Я провел в Москве этот и следующий день до вечера и посвятил это время осмотру городских достопримечательностей. Надежды мои получить известия о моем семействе оказались тщетными; маловероятную новость о приеме, оказанном жене моей в Петербурге, я скоро стал считать ложным слухом.

Мне очень хотелось посетить в Твери генерала Мертенса, чтобы вспомнить грустный переезд чрез Волгу, совершенный вместе с ним; но он осматривал свое новое губернаторство.

В Вышнем Волочке я решился расстаться с моим любезным Василием Сукиным, который до сих пор сопровождал меня единственно из расположения, не желая покинуть меня совершенно на произвол моего ленивого спутника. Я хотел, чтобы Сукин скакал вперед и предварил бы мою жену о моем скором приезде в Петербург, если она там действительно уже находилась. Я дал ему к моей жене письмо, в котором просил ее выехать мне навстречу на первую станцию. Вместе с тем я дал ему адрес моего старого и верного друга Грауманна (Graumann), от которого он мог узнать, где живет в Петербурге моя жена.

Он уехал, напутствуемый моими искренними пожеланиями; я рассчитывал, что он может приехать в Петербург сутками ранее меня. Мне казалось, что такое выражение моей доверенности к Сукину кольнуло моего честолюбивого и неуклюжего Карпова. Он сделался несколько развязнее и живее. Мы проехали Новгород, известный по сношениям своим с Ганзейским союзом, — но не остановились в нем; справляясь о Сукине, я всякий раз узнавал, что он только что проехал.

На предпоследней станции его постигла маленькая неприятность: он забыл по неосторожности на столе подорожную, без которой не смел явиться в Петербург. В страшном беспокойстве он остался ожидать нас на последней станции, и мы отдали ему бумагу, которую, к счастью, захватили с собою. Было около четырех часов пополудни. Мы немного принарядились, и я сел в свою кибитку в большом волнении.

В Царском Селе, летней резиденции государя, нас три или четыре раза останавливали на разных пикетах и подвергали таким подробным расспросам, что я не раз вздыхал от нетерпения. Но мне суждено было вынести еще испытание: множество войск получили приказание отправиться в этот день в Гатчину, любимое местопребывание императора, на смотр. На расстоянии десяти или двенадцати верст от Петербурга мне попались навстречу шесть полков со всеми их обозами; и не было никакой возможности ехать далее и пришлось провести целый час в томительном ожидании. Можно вообразить мое отчаяние.

Кроме того, я едва не навлек на себя большой неприятности. Великий князь Александр ехал верхом впереди войск. Я совершенно не знал его в лицо, а если бы даже и знал, то мне был неизвестен строгий приказ, при встрече с особами царской фамилии выходить из экипажа и кланяться. Мой беспечный Карпов также ничего этого не знал, — и мы остались в кибитке.

Меня неизбежно арестовали бы и посадили в тюрьму при полиции, если бы великодушный князь, заметивший нас, не показал себя выше той невольной ошибки, которую я сделал, не оказав ему заслуженного почтения.
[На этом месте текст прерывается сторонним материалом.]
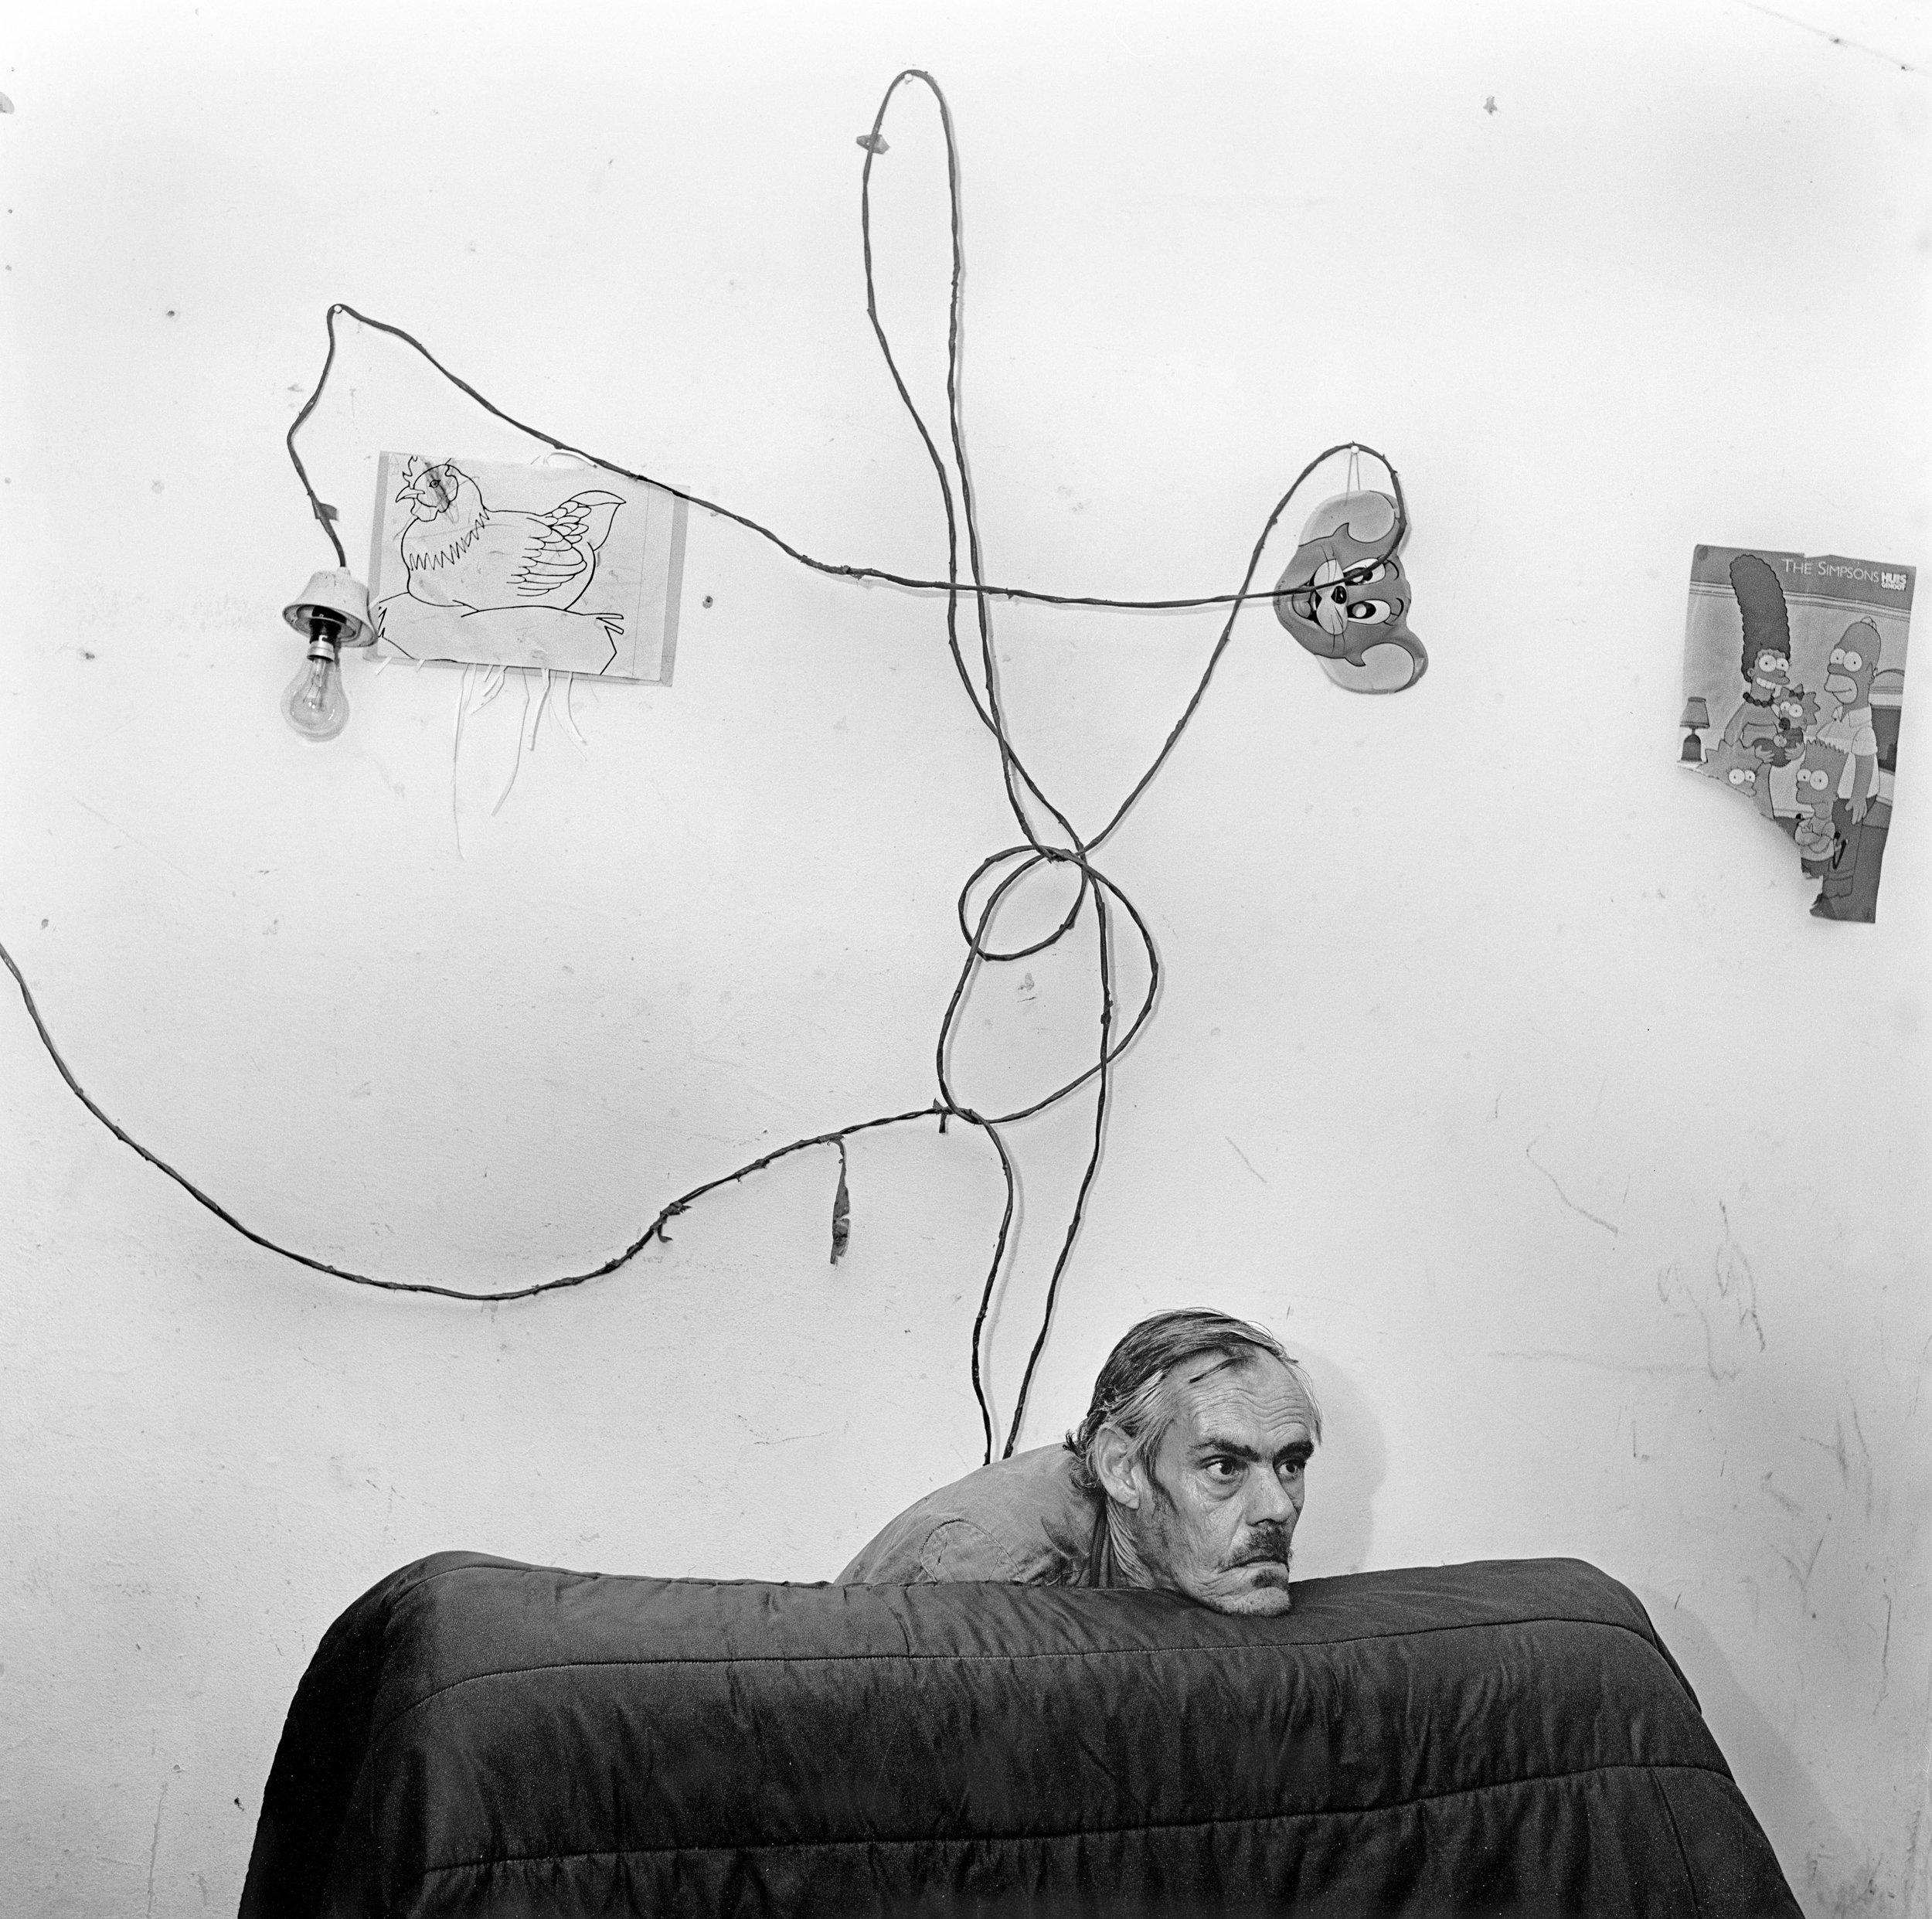 Roger Ballen,  Head Below Wires , 1999

К девяти часам вечера мы приехали к городской заставе и подверглись опять длинному и томительному допросу. Нам дали казака верхом для сопровождения к коменданту, жившему в императорском дворце. Курьеры наши побежали наверх, а я в невыразимом волнении остался ждать на площади, которую очень хорошо знал.

Прошло четверть часа пока нас позвали к графу Палену, генерал-губернатору города. Его не было дома, и нам разрешили не ожидать его возвращения. Я сгорал желанием поспеть еще в тот же вечер к моему другу Грауманну, как бы поздно ни было; но курьеры имели положительное предписание доставить меня и купца к генерал-прокурору. Нас повезли к нему. Оказалось, что он в Гатчине, а его помощник по управлению так называемой Секретной Экспедицией, статский советник Фукс (Fuchs), жил далеко от дворца. Что теперь делать? Курьеры оставили нас на улице под надзором многочисленной прислуги генерал-прокурора, столпившейся вокруг нас из любопытства, и побежали на квартиру Фукса.

Я стоял добрые полчаса, облокотясь на перила набережной Мойки, и смотрел на ее покойные волны, обуреваемый самыми разнородными ощущениями. Наконец курьеры возвратились, а за ними шел и статский советник Фукс. Он обошелся со мною очень вежливо и указал на маленькую комнатку, в которой я мог провести ночь. На просьбу мою дозволить навестить друга моего Грауманна он отвечал, что хотя я более и не числюсь государственным преступником, но он прежде всего должен донести обо мне рапортом в Гатчину и испросить дальнейших обо мне приказаний. Он обещал исполнить все это тотчас и послал рапорт с эстафетой. Ответ, конечно, мог последовать только завтра, а потому он предлагал мне как-нибудь устроиться на эту ночь.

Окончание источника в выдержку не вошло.